Somebody hacked my App

Scriptcase 7 Discussion
#1

Hi people, 2 days ago, i can’t access my app
there was a message: Se produjo un error al conectar con la base de datos:
Access denied for user ‘Hacked Turkishattack’@‘localhost’ (using password: YES)

I access the Production Environment, and it was with the default password (scriptcase)
i enter and check the conection paramters.

the user was: Turkishattack and fortunately he can’t access the database.

does anybody has trouble like this??

is there any security advice?

what could happend?
i work with scriptcase 6.00.0039

Thanks …

#2

You admin was with default password scriptcase? That should be the first thing to change. Appearantly the hacker has compromised your admin section.

#3

A tip for managing admin passwords: Write it down and put in an envelope and store it in two safety boxes: one should be local and the other remote, just in case of disaster at your location… and change it regularly and follow the password storing process again.

#4

You know, I can see how people accidentally forget to either run the configuration or leave the password the default. It seems like SC could make it look for a config file with your admin password encrypted in it, or maybe a project specific (better) password you would configure in the deploy screens inside SC.
Just some thoughts.
Hope you can recover OK.
Jamie

#5

Hi People, thanks for your answers.

the first time i publish my app, i change the default password of the production enviroment.
today i check my app and again it was hacked. same situation
when i enter to the production enviroment it was like if was publish it with the defaultpassword (scriptcase)

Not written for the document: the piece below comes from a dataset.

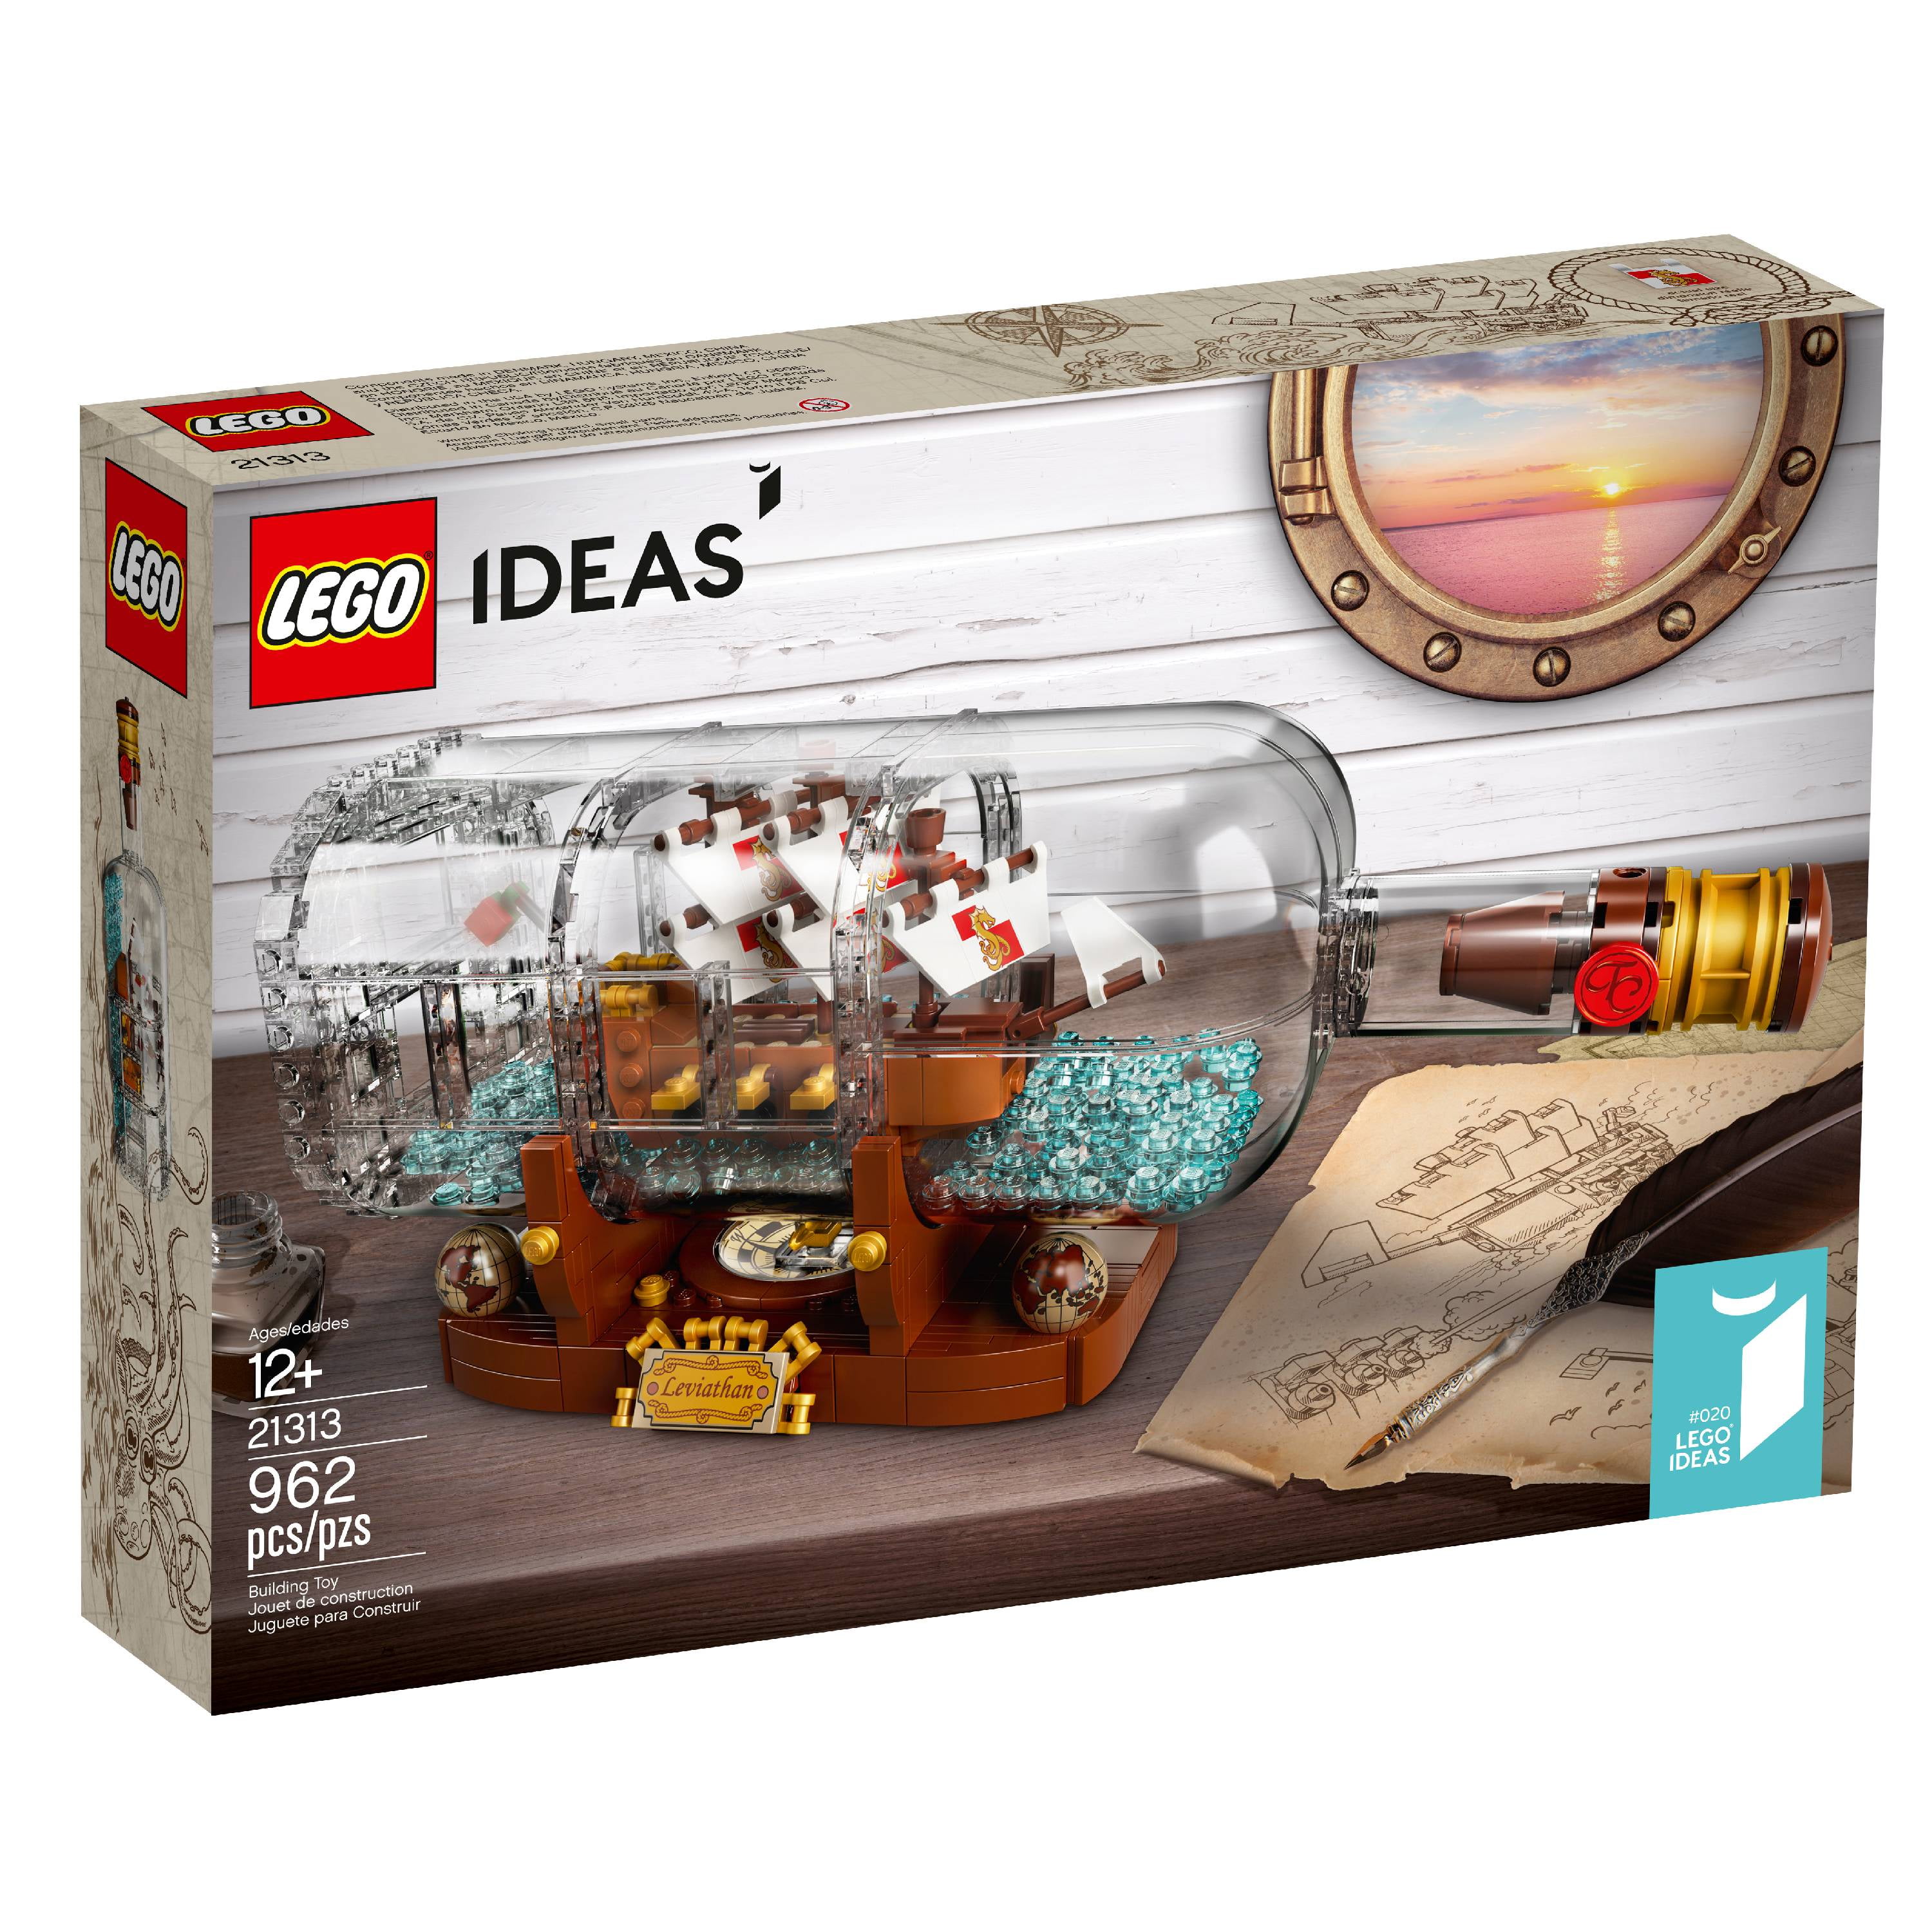 gijzelaar Boomgaard Clancy LEGO Ideas Ship in a Bottle&nbsp;21313 - Walmart.com

is there any thing i forget to set?
is this an exploit of ScriptCase Security?
how hackers can change the connection database properties?

Any Advice???

Thanks

#6

What you’re talking about has two different things
I was under the impression you were talking about the security module
But now it looks like you’re talking about the database connections

When you go to Lib directory on the Web server it’ll bring up the database connection dialog
If they’re changing the database connection that’s the only place that they can change that connection
Unless there’s some other way that I’m not aware of

My two cents

Kevin

#7

Thanks for your answers.

i don’t understand how an external person, can change de database conection properties.
does some body knows where is stored the conection parameters and how to protect it ?

thanks

#8

Are the DB setting changed? That is weird and scarry if so.
I am just a fellow SC user, but here are my thoughts:

  1. escalate this to the support or email SC directly, then post what you find here. They may or may not read each forum post. They seem to but never know - this is critical path!!!
  2. Maybe there is a hole in that login, but I have not heard of such till now.
  3. It could be some kind of security setting on the folder? Maybe they are not getting into the Production Environment login itself, but directly into some config file?

Is the change to a bad setting or erased or what?

  1. If it is the Production Environment they are getting into, perhaps you could deploy the app, then immediatelly change the file name to the login. going to www.yourdomain.com/_lib/ triggers the login screen for it. Perhaps using WinSCP or something and changing the file name a bit will be enough to stop the a-hole from getting in. I have not tried that,but seems like once you are set up, you never need go back in there. You can always rename it later to make it work…

Again, I think we would all like to know your findings here, so please followup. Good luck. A million curses on the #$%$$6 hacker :frowning:

#9

Are you sure that sc is the leak and not your (ftp) account? Since only the db settings are changed and the password reset (?) I think that the hacker might has access and is able to remove the settings causing the default password to re-appear. I would try the following: after renaming the connection I would rename this _lib application or even delete it. I would change the password of your ftp account and your basic control-panel account. But I agree with onmountain. This needs to be taken care of by scriptcase. I reported this thread through my channel with sc.